话音未落,司珩忽然拉住云婳的手腕,将她带入怀中。云婳反应不及,撞在他坚硬的胸膛。紧跟着“铮”地一声风鸣,一支长箭从外面射入穿透车厢,若刚才司珩没有拉开她,此时那支箭定然会刺入她的心口。
“殿下?”云婳心有余悸地望向司珩,唇瓣轻颤。
“嘘。”司珩抬起食指竖在她柔软的唇上,不动声色地听着车厢外的响动。
破风声再起,司珩抱着云婳,身体前倾弯腰避过从后面射来的两道箭矢。紧接着一阵马踏嘶鸣,车厢猛烈晃动。
暮风一手控着中箭发疯的马匹,一手抽出腰间的重刀,死死盯着从树上突然跃下的数名黑衣人。
云迷雾锁,雨急风骤,长街寂寥。
“王爷小心。
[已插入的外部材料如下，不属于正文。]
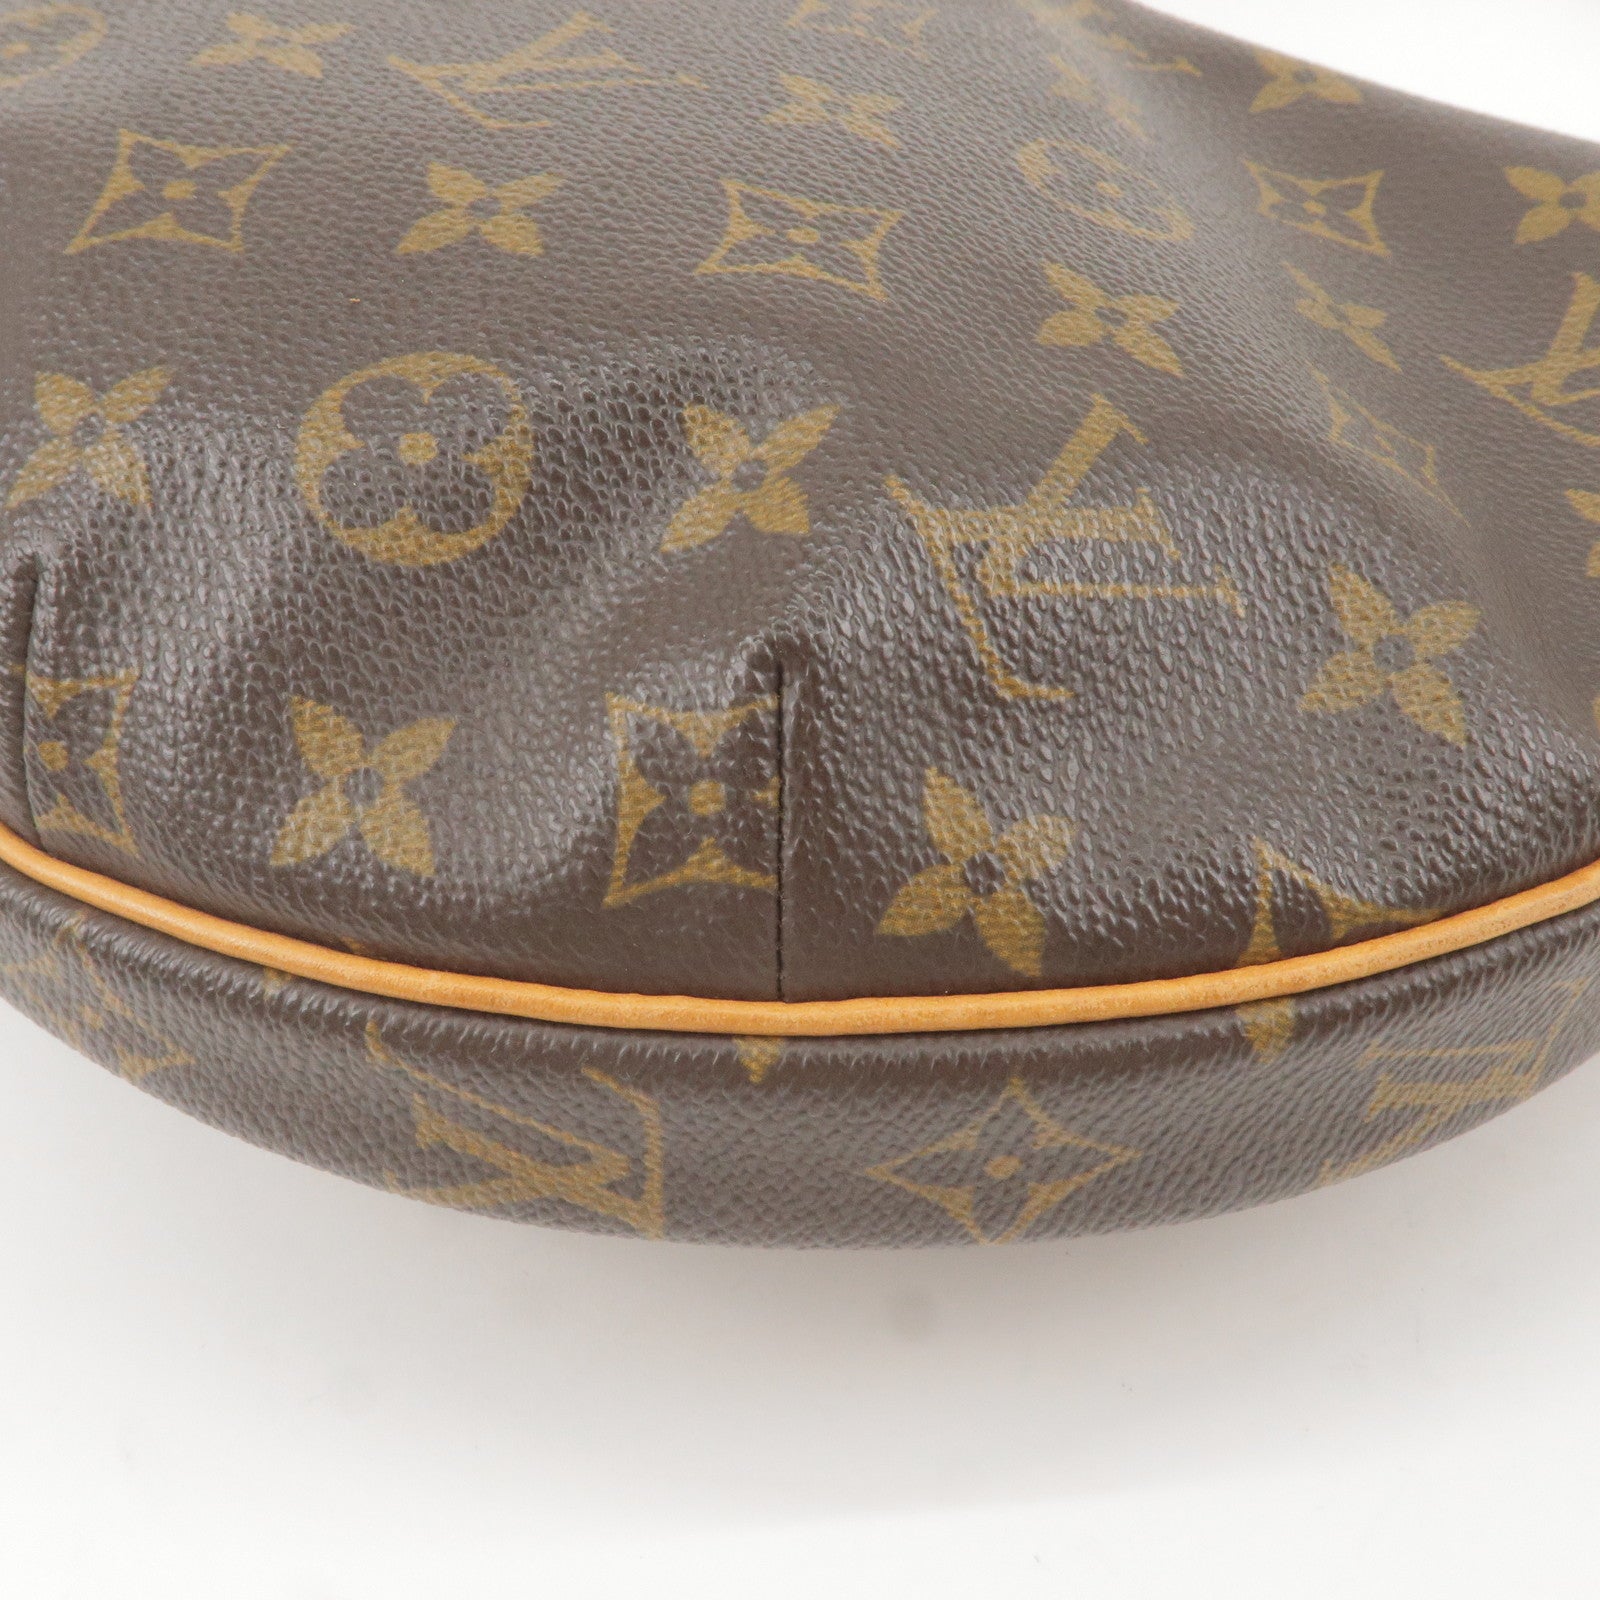 Buy Louis Vuitton monogram LOUIS VUITTON Croissant MM Monogram M51512  Shoulder Bag Brown / 250737 [Used] from Japan - Buy authentic Plus  exclusive items from Japan

”暮风挥着重刀挡去大半射向车厢的箭矢。
司珩手掌覆在云婳的脑后,将她的脸压在自己颈侧,不紧不慢地摸出藏在椅子下的长剑,从容斩断射来的箭矢。
而后,单手勾住云婳的腰,旋身飞离车厢,抱着她稳稳落在一棵大树之上。
“在这等我。”司珩寻了一根粗壮的树枝,将云婳放下。
云婳看着穷凶极恶的杀手们,吓得脸色煞白,眼中泛起惊惧的雾气,缓缓松开环着司珩脖颈的手,颤声叮嘱:“殿下小心。”
司珩看着泪渍萦睫将落未落的小人儿,抬指轻轻拍了下她的额头,薄唇轻勾:“乖,闭上眼睛。”
见云婳闭上眼睛,司珩才转过头冷冷睥着树下的黑衣人,狭长的眸子逐渐变得猩红阴鸷。
云婳闭着眼睛紧紧抓住树枝,听着自己扑通扑通的心跳声,还有树下一声又一声惨叫。越是看不见越是恐惧,她的脸色越来越白,时间仿佛格外漫长,长到她忍不住睁开眼。
一地无头死尸,雨水冲刷而过,血流成河。司珩身上的雪色锦衣早已被鲜血染透,紧贴着他高挑劲瘦的身躯,他握着滴血长剑五步杀一人,漆黑的眼睛淬冰碎玉,恍若地狱修罗。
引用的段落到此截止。